Interview with Cary Krosinsky of Yale University

 


Financial management in small and grand scopes is the undersung VIP of every Knovva Academy summit: when the cash changing hands scales up from individual transactions to that of entire nations’ budget sheets, the game scales — particularly in sweat-inducing consequentiality. 

Cary Krosinsky of Yale University was a beacon of modern monetary policy knowledge to our 400 students at the recently concluded Model G20 Summit: Climate Change and the Future of Humanity. 

During the day, Cary Krosinsky has nearly as many titles as his last name has consonants: lecturer in the Practice of Management at the Yale School of Management, and Faculty Adviser at the Yale College on Energy Studies, Climate, and Investing. He also teaches the Theory and Practice of Sustainable Investing at Brown University, helping support the Sustainable Investment Fund within the Brown Endowment, and has been an MBA Lecturer at Concordia and Maryland. He also helped lead and design the RFK Sustainable Investing program at Columbia’s Earth Institute.

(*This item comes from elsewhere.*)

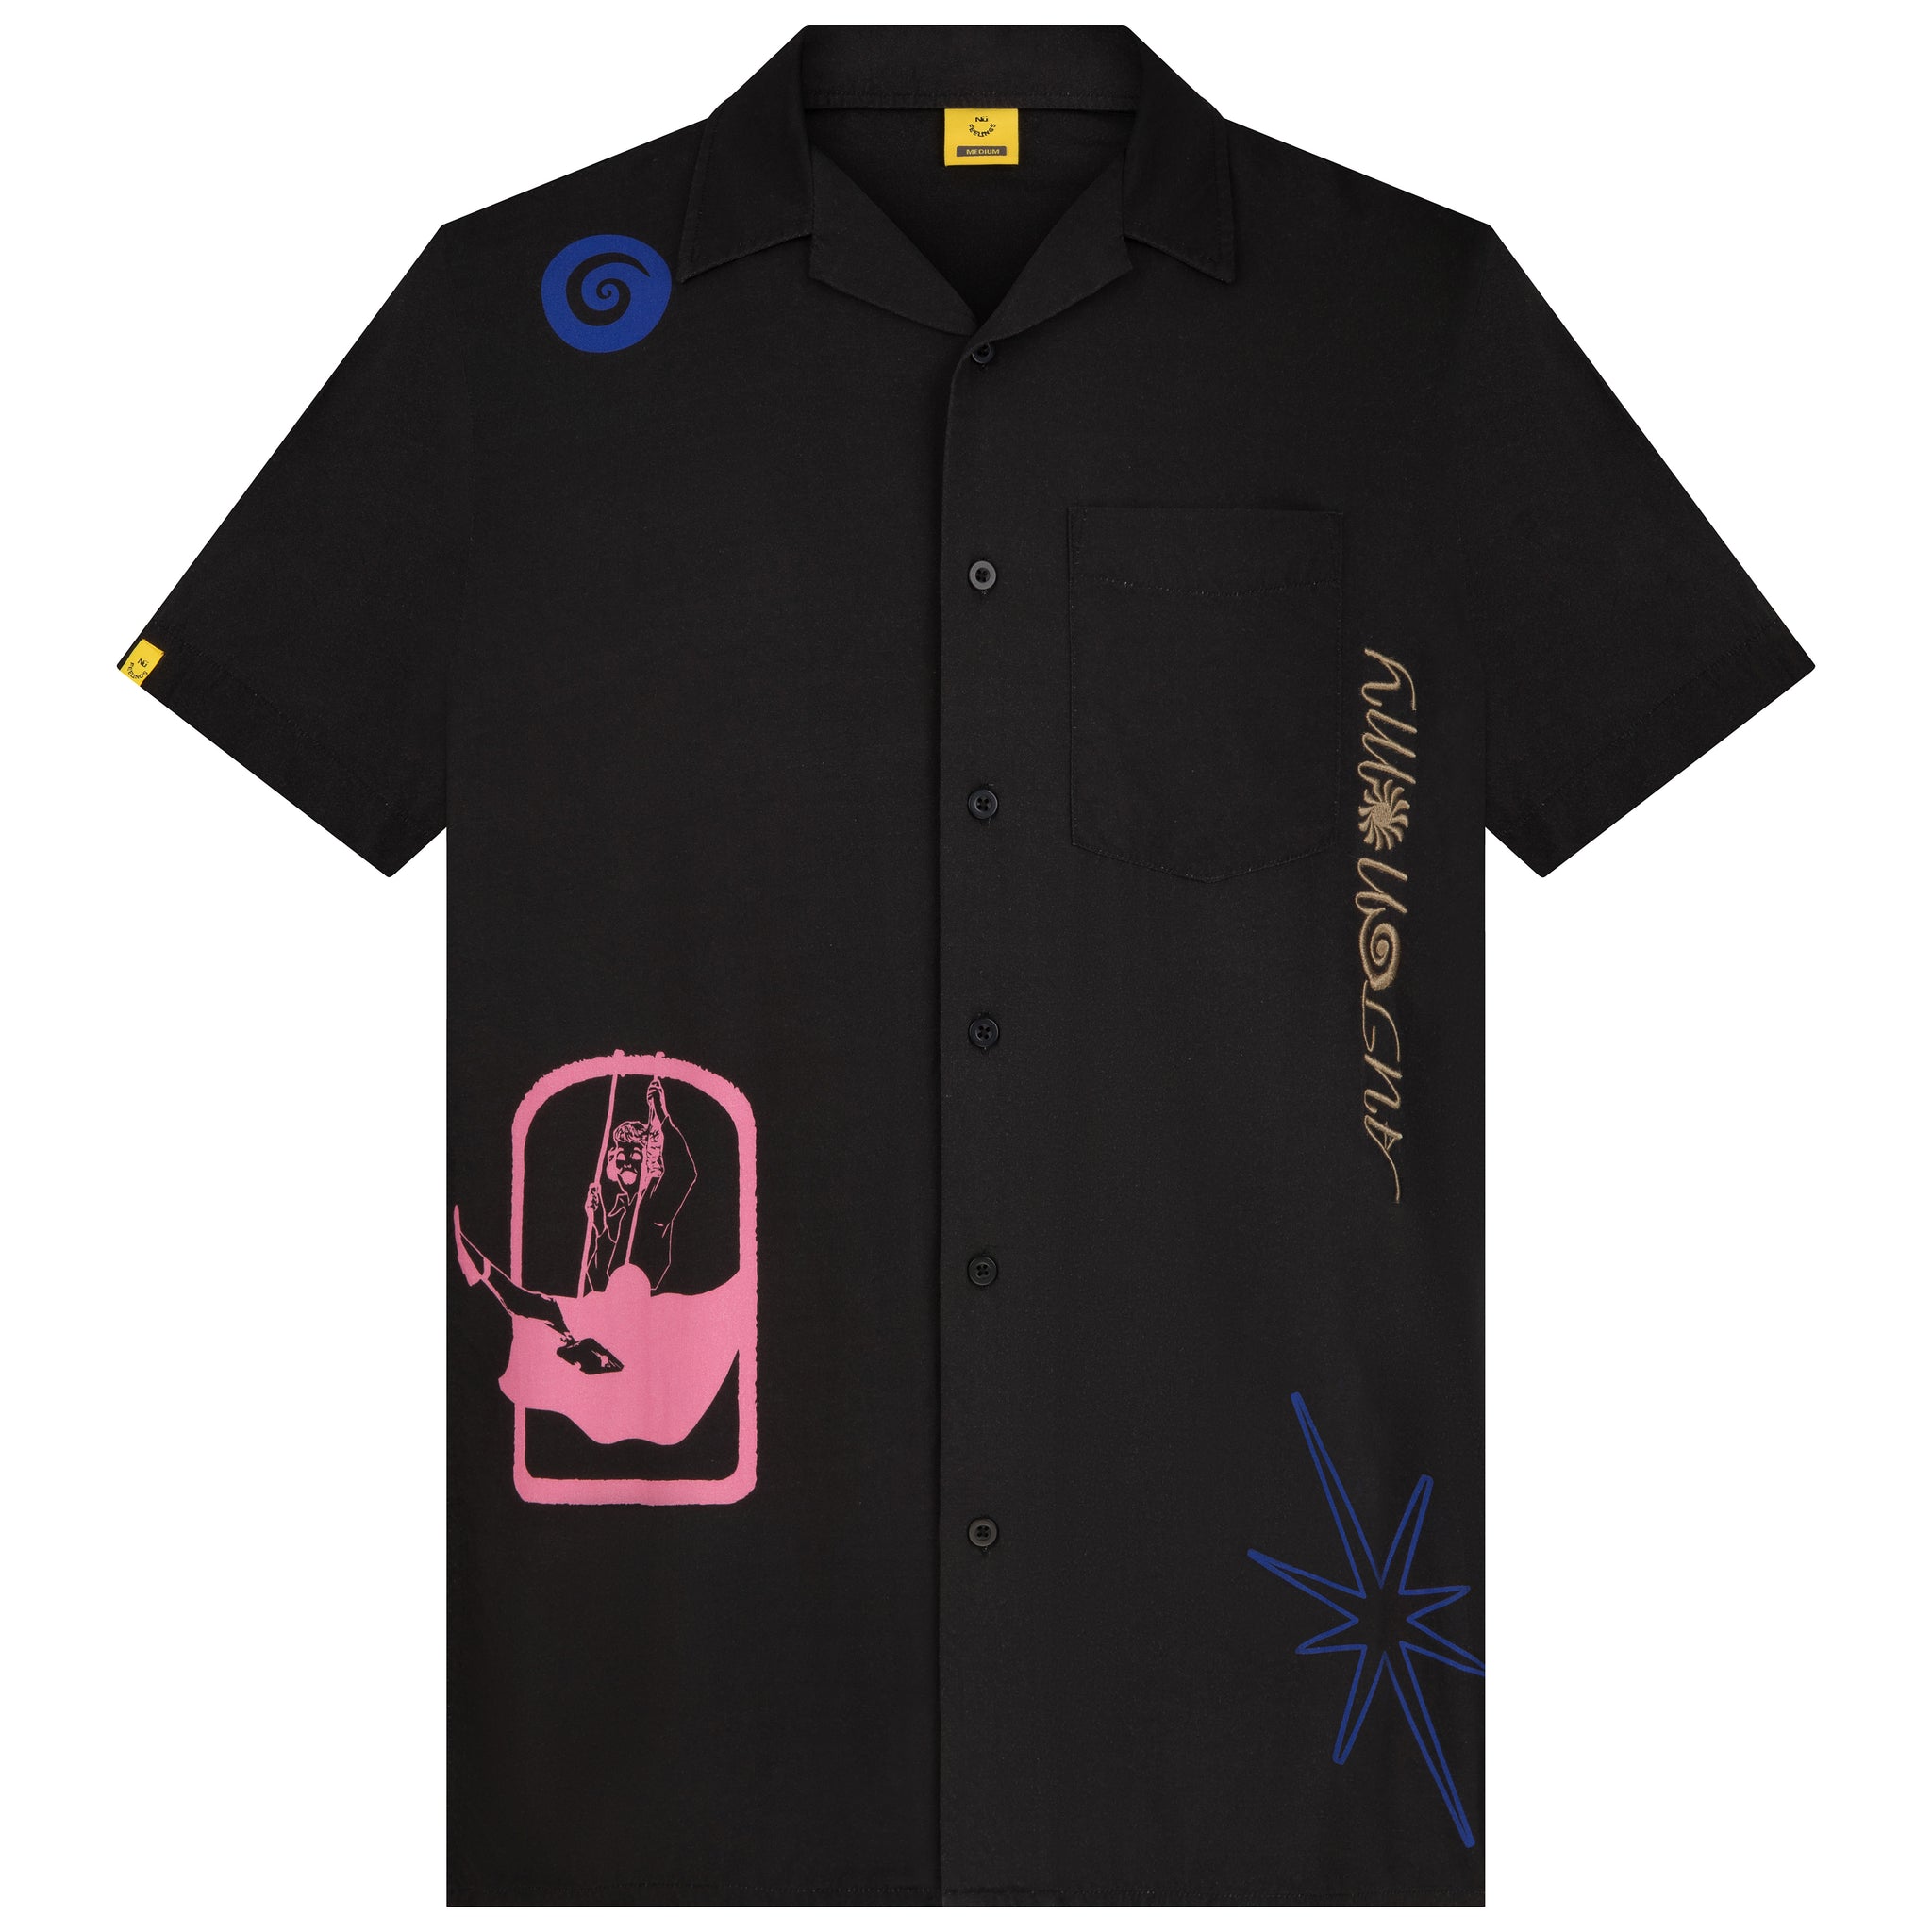 Autonomy Bowling Shirt - Vintage Black Overdye

How did he fare with a couple hundred international students several years younger than those in his typical classroom?

“I thought the quality of the students’ questions was great. They were very thoughtful, they were concise. It’s a good indication of all the students’ ability and desire to do good work, so it was great to see.

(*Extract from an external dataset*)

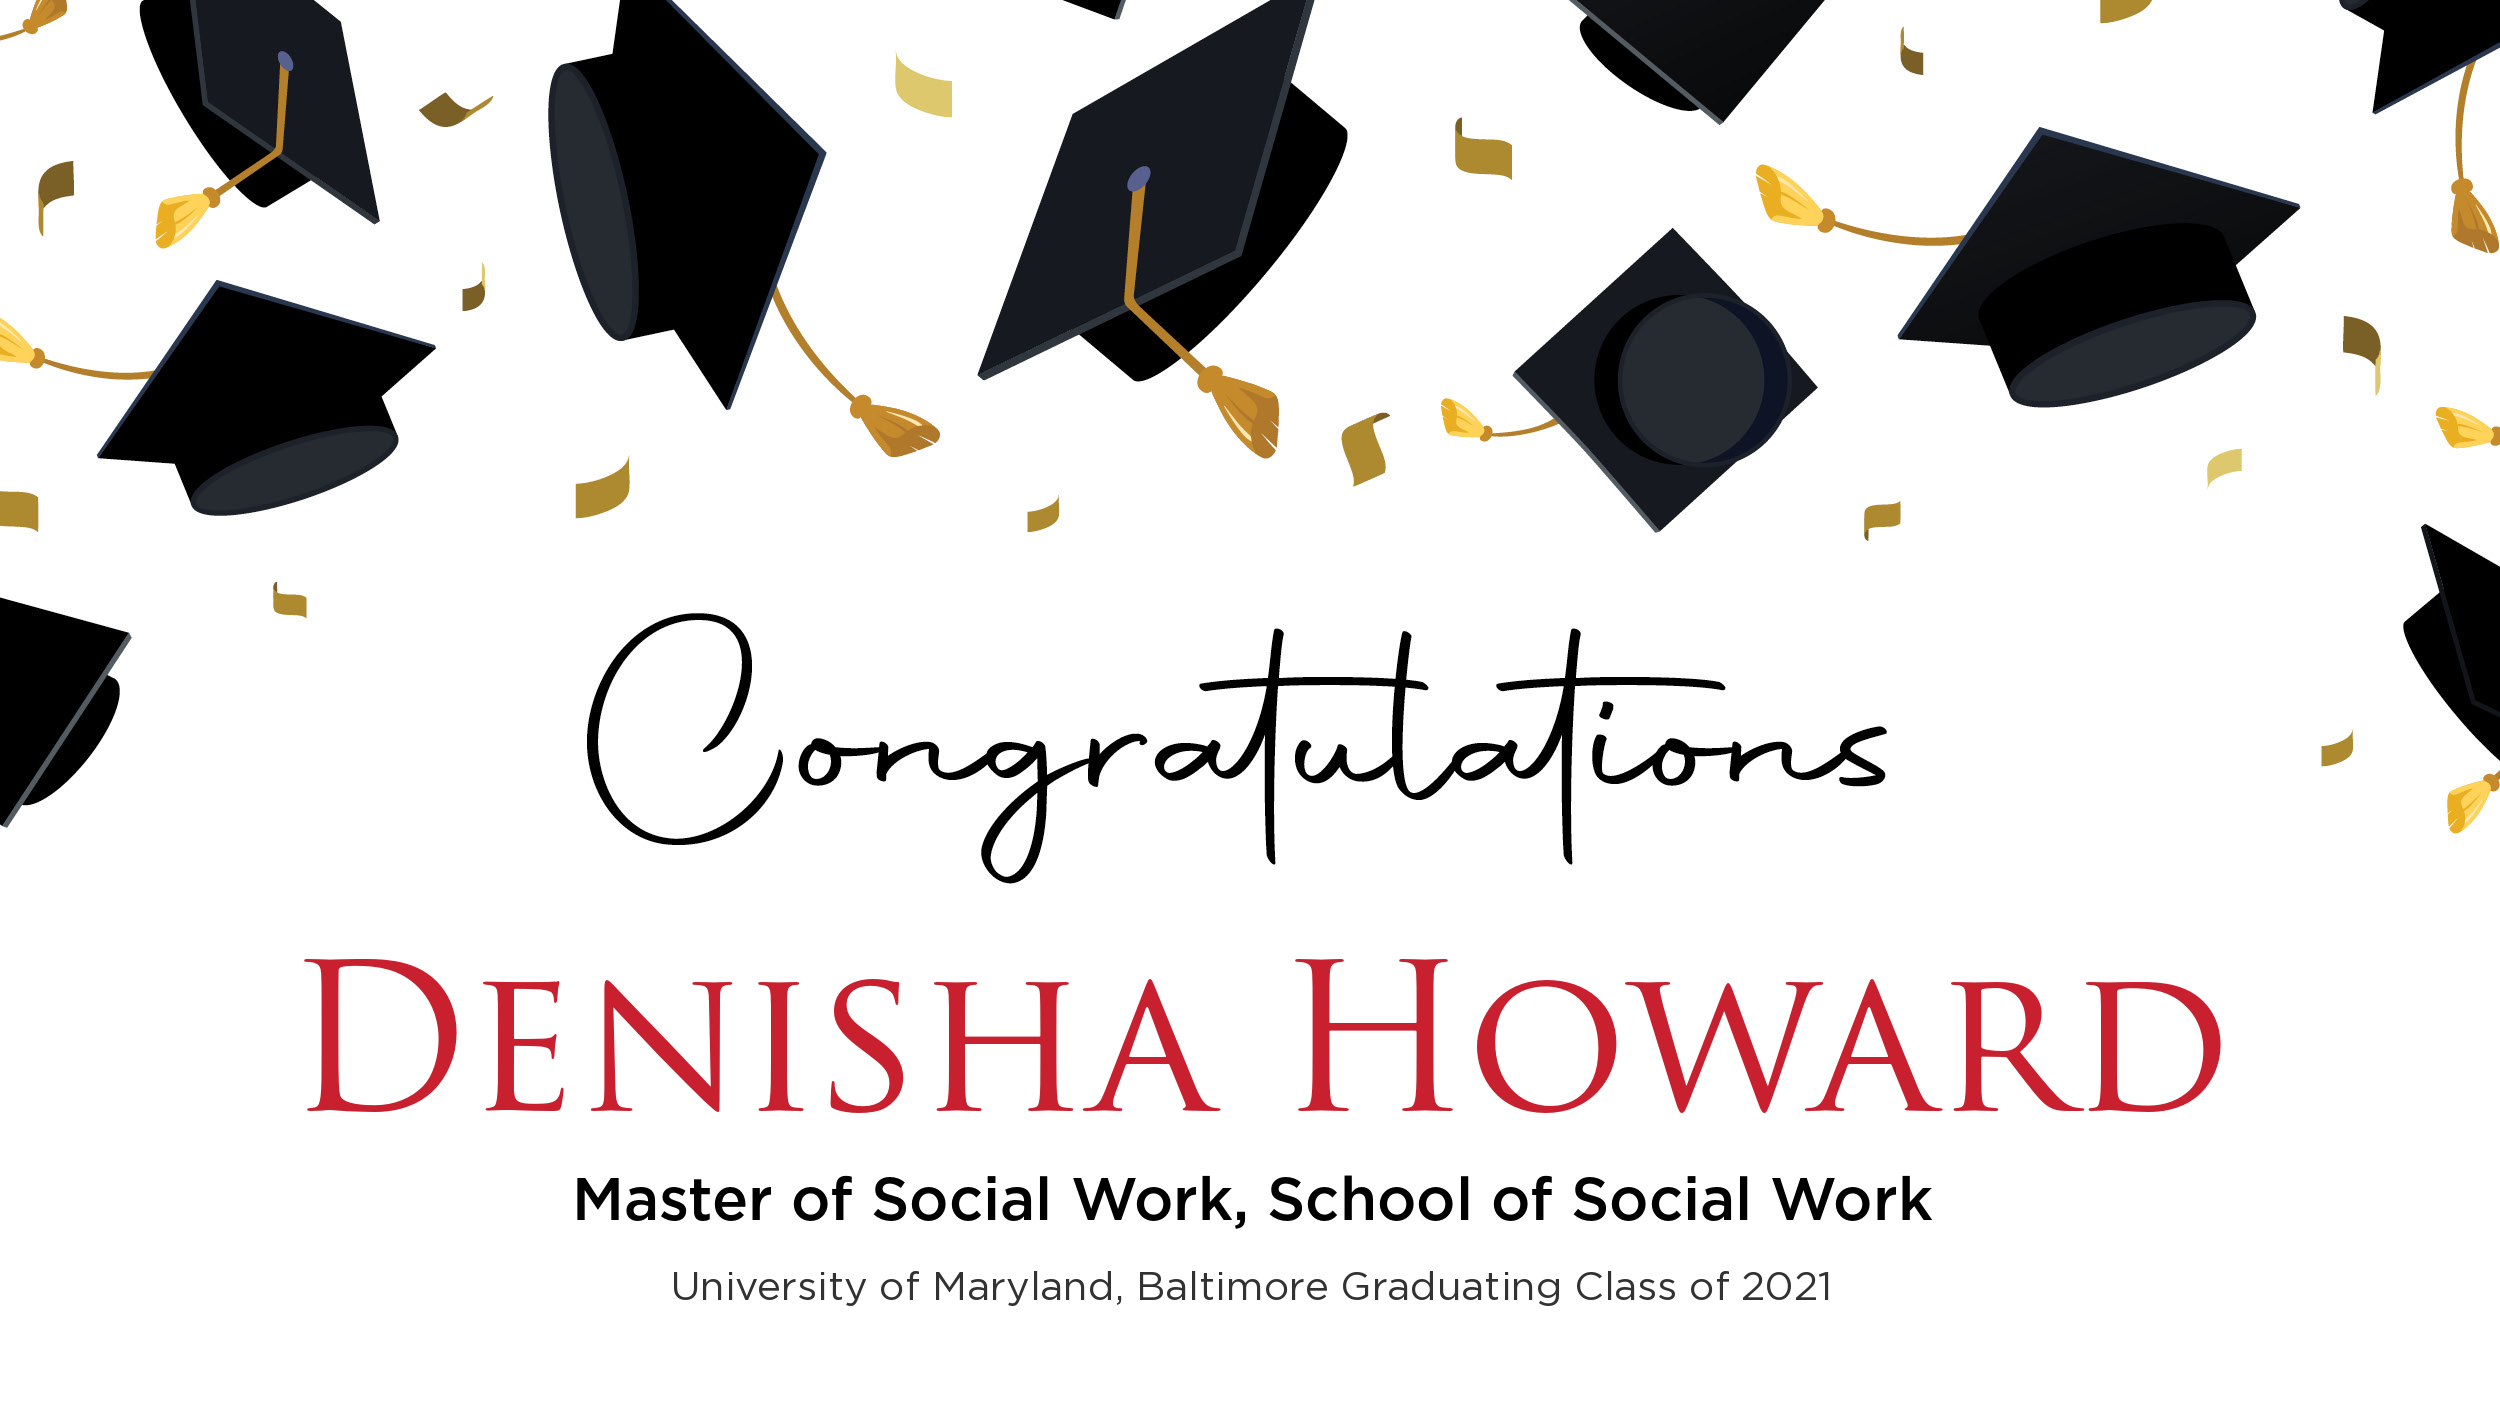 Congratulations Denisha Howard, Master of Social Work

Over the course of his evening lecture and discussion session with the students, Prof. Krosinsky was posed with buckets of student-devised questions, including India native Gauri Chaturvedi’s “How can we include every country in the concept of Natural Value?” and stateside Jocelyn Rose’s meticulous “How do you suggest a country whose economy relies heavily on non-sustainable businesses, resources, or non-renewable raw material try to transition into having a more sustainable industry?” 

“I was really hoping that students could gain a little bit of an understanding that they may not have had before, on how important finances and the conversations around climate change become,” Prof. Krosinsky explained. “Those challenges are everywhere, and they work their way through you know all economies, all people’s lives and they’re different in every country.”

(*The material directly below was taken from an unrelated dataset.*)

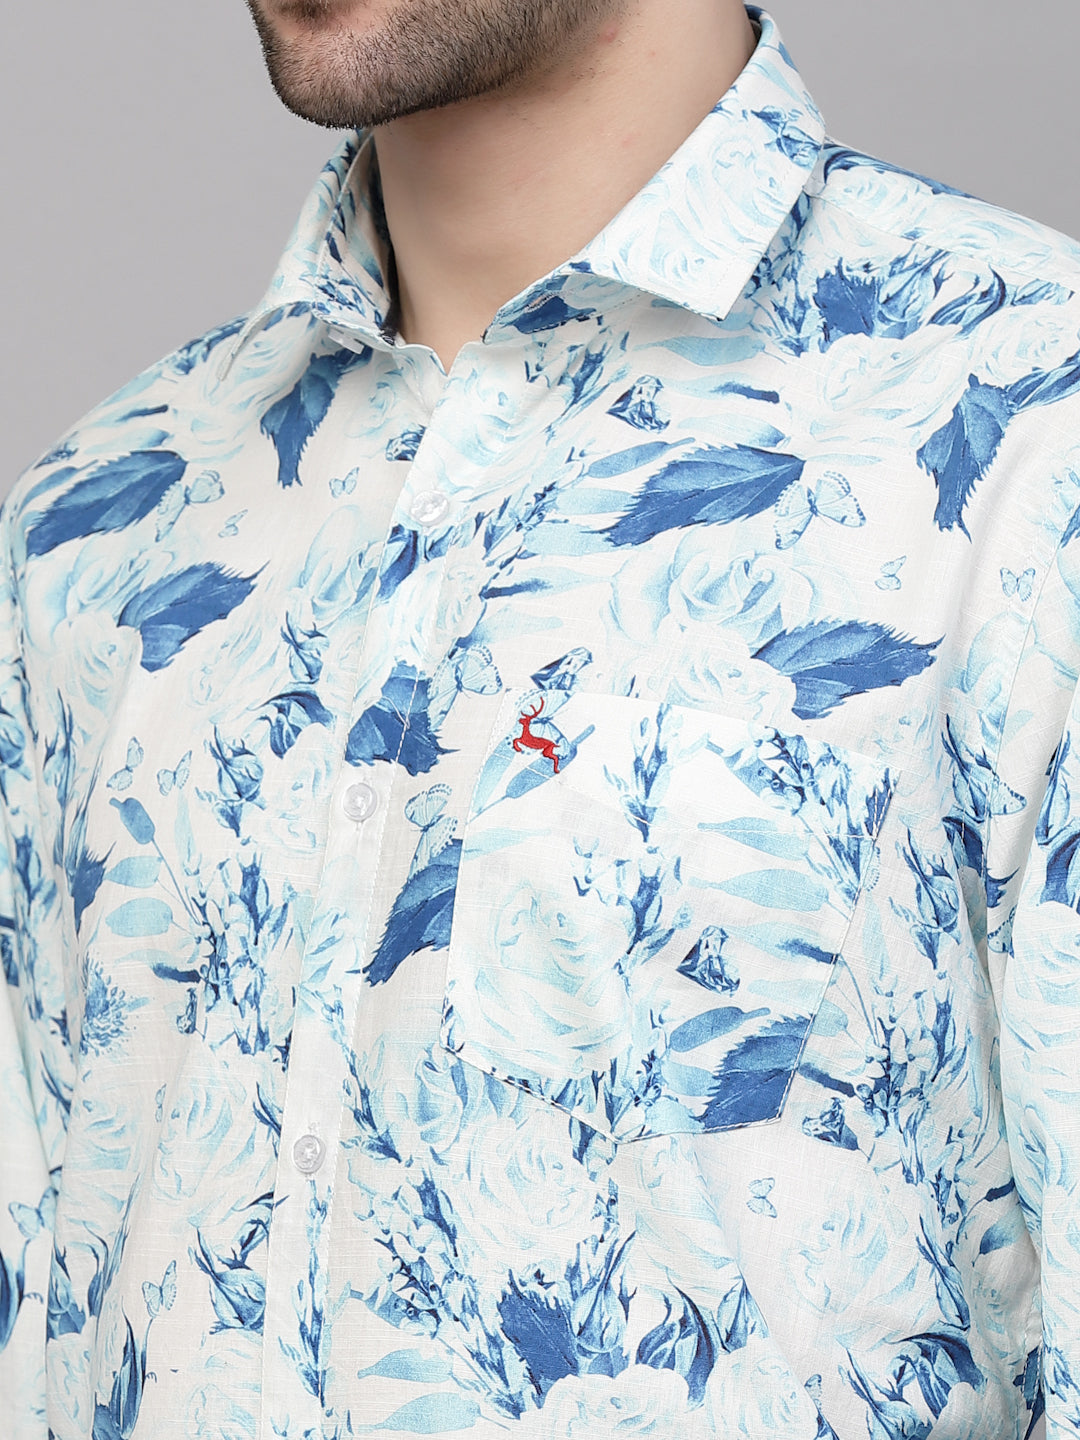 Valbone Men’s Digital Print Blue Leafs Printed Regular Fit Casual Shirt Full Sleeves

Throughout his lectures and discussion sessions with the students, Prof. Krosinsky insisted to the kids his hope that they hone their simulated countries’ efforts to try to devise a way to hold conversations that concern everyone, such as climate change, in a productive, globally-inclusive manner.

“When you look at these challenges we face, it can certainly be very daunting. It can be easy to get stuck on negativity and negative approaches. What I wanted to communicate in my participation with the students is that a positive approach will inevitably be the solution. We will have success if we cooperate.”

During our discussion section, Prof. Krosinsky was posed with real-world economic problems faced by the students attending, including one poignantly pressing question by Josemaria Montalvo from El Salvador, who asked Prof. Krosinsky his opinion regarding the state of developing countries such as her own: “How are countries like mine going to raise the necessary capital to meet the goals of sustainable finance?”

Our guest responded to each question, no matter the sensitivity of the subject, with measured tact. He sums up his beliefs: “Frankly, a bunch of old white men,” Prof. Krosinsky pauses to laugh, “aren’t going to solve much of anything.”

“We need the young people to rise up and get involved in a positive way, and when that happens change starts to follow. You know, encourage everyone to look at this sort of area as critically important to your career if you’re so minded, or at least help encourage what needs to happen or get involved yourself and think about how much fun, it would be to actually solve these problems together.”